La Présidente (Mme Bélanger): Alors, ça se lirait: «Le rapport tient compte du rapport d'activités de chacun des centres locaux et des conseils régionaux qui lui est transmis en vertu des articles...»

M. Chevrette: Non, là, tu peux laisser «lui sont» parce que tu a les deux rapports... Excusez, c'est «sont».

La Présidente (Mme Bélanger): Oui, c'est ça que j'allais dire, pourquoi je ... là?

M. Chevrette: Oui, c'est «qui lui sont transmis».

La Présidente (Mme Bélanger): «...chacun des centres locaux et des conseils régionaux qui lui sont transmis en vertu des articles 15 et 23.» Alors, c'est vrai que c'est le rapport qui est transmis. Là, c'est: «Le rapport tient compte»...

M. Chevrette: «Qui lui est transmis»; excusez, c'est «est». On le met au singulier ou bien on va mettre «des rapports». On serait peut-être mieux de dire «des», parce qu'il y a le CLD et le CRD. Donc, disons «des rapports qui lui sont transmis». O.K.?

M. Vallières: Voilà. On garde le «sont».

M. Chevrette: Oui. «Ce rapport tient compte des rapports d'activités des centres locaux et des conseils régionaux». Mais je sais ce que vous voulez dire, quand même on va laisser «des» au pluriel, parce qu'il y en a deux.

M. Vallières: O.K. Parce que, avec «des», on identifie l'ensemble. Ça va.

M. Chevrette: CRD et l'autre. C'est beau?

La Présidente (Mme Bélanger): Parce que «des rapports», ça ne serait pas «tient compte», ça serait «tiennent compte».

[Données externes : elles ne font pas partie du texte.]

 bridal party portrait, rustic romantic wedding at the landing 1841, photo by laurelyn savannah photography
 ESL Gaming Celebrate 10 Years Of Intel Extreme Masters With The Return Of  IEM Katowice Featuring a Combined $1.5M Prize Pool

M. Chevrette: C'est beau, madame.

La Présidente (Mme Bélanger): O.K. Alors, est-ce que l'amendement est adopté?

M. Chevrette: Adopté.

M. Vallières: Adopté.

La Présidente (Mme Bélanger): Alors, l'article 7, tel qu'amendé, est adopté?

M. Chevrette: Adopté.

La Présidente (Mme Bélanger): Là, est-ce qu'on passe à 14?

M. Chevrette: Là, on pourrait prendre le 15, quant à régler le 15, parce qu'on avait un amendement qui avait été soumis à 15.

La Présidente (Mme Bélanger): Le 15. Alors, à l'article 15, il y a un amendement qui dit: modifier l'article 15 par le remplacement du deuxième alinéa par les alinéas suivants:

«Le rapport d'activités contient tout autre renseignement que le ministre peut requérir. Les états financiers sont accompagnés du rapport du Vérificateur.»

M. Chevrette: On répondait à une demande. Ça, ça avait été... toute la discussion a été faite hier, puis c'est parce qu'on l'avait suspendue pour parler de l'amendement qu'on vient de faire à 7.

La Présidente (Mme Bélanger): «Le rapport d'activités, les états financiers et le rapport du Vérificateur sont également transmis à l'organisme municipal partie à l'entente visée à l'article 12.»

L'amendement est adopté?

M. Chevrette: Adopté.

M. Vallières: Mme la Présidente, puisqu'on parle de rapport, on parle de contrôle également, et j'avais déjà demandé un moment donné au ministre – lors de, je pense... soit lors de ses crédits ou il y a déjà plusieurs mois – comment on allait s'assurer d'un contrôle efficace de ces sommes d'argent qui partent du gouvernement du Québec, qui s'en vont en région, puis qui reviennent. Il y a des rapports faits par des organismes de nature privée, on vient d'y faire allusion, aux CLD...

M. Chevrette: C'est le Vérificateur. On demande un rapport du Vérificateur.

M. Vallières: O.K. Pour les députés qui veulent exercer un contrôle sur ce qui se dépense des argents de l'État, comment ça va s'opérer dans le quotidien du député, le contrôle, nécessairement?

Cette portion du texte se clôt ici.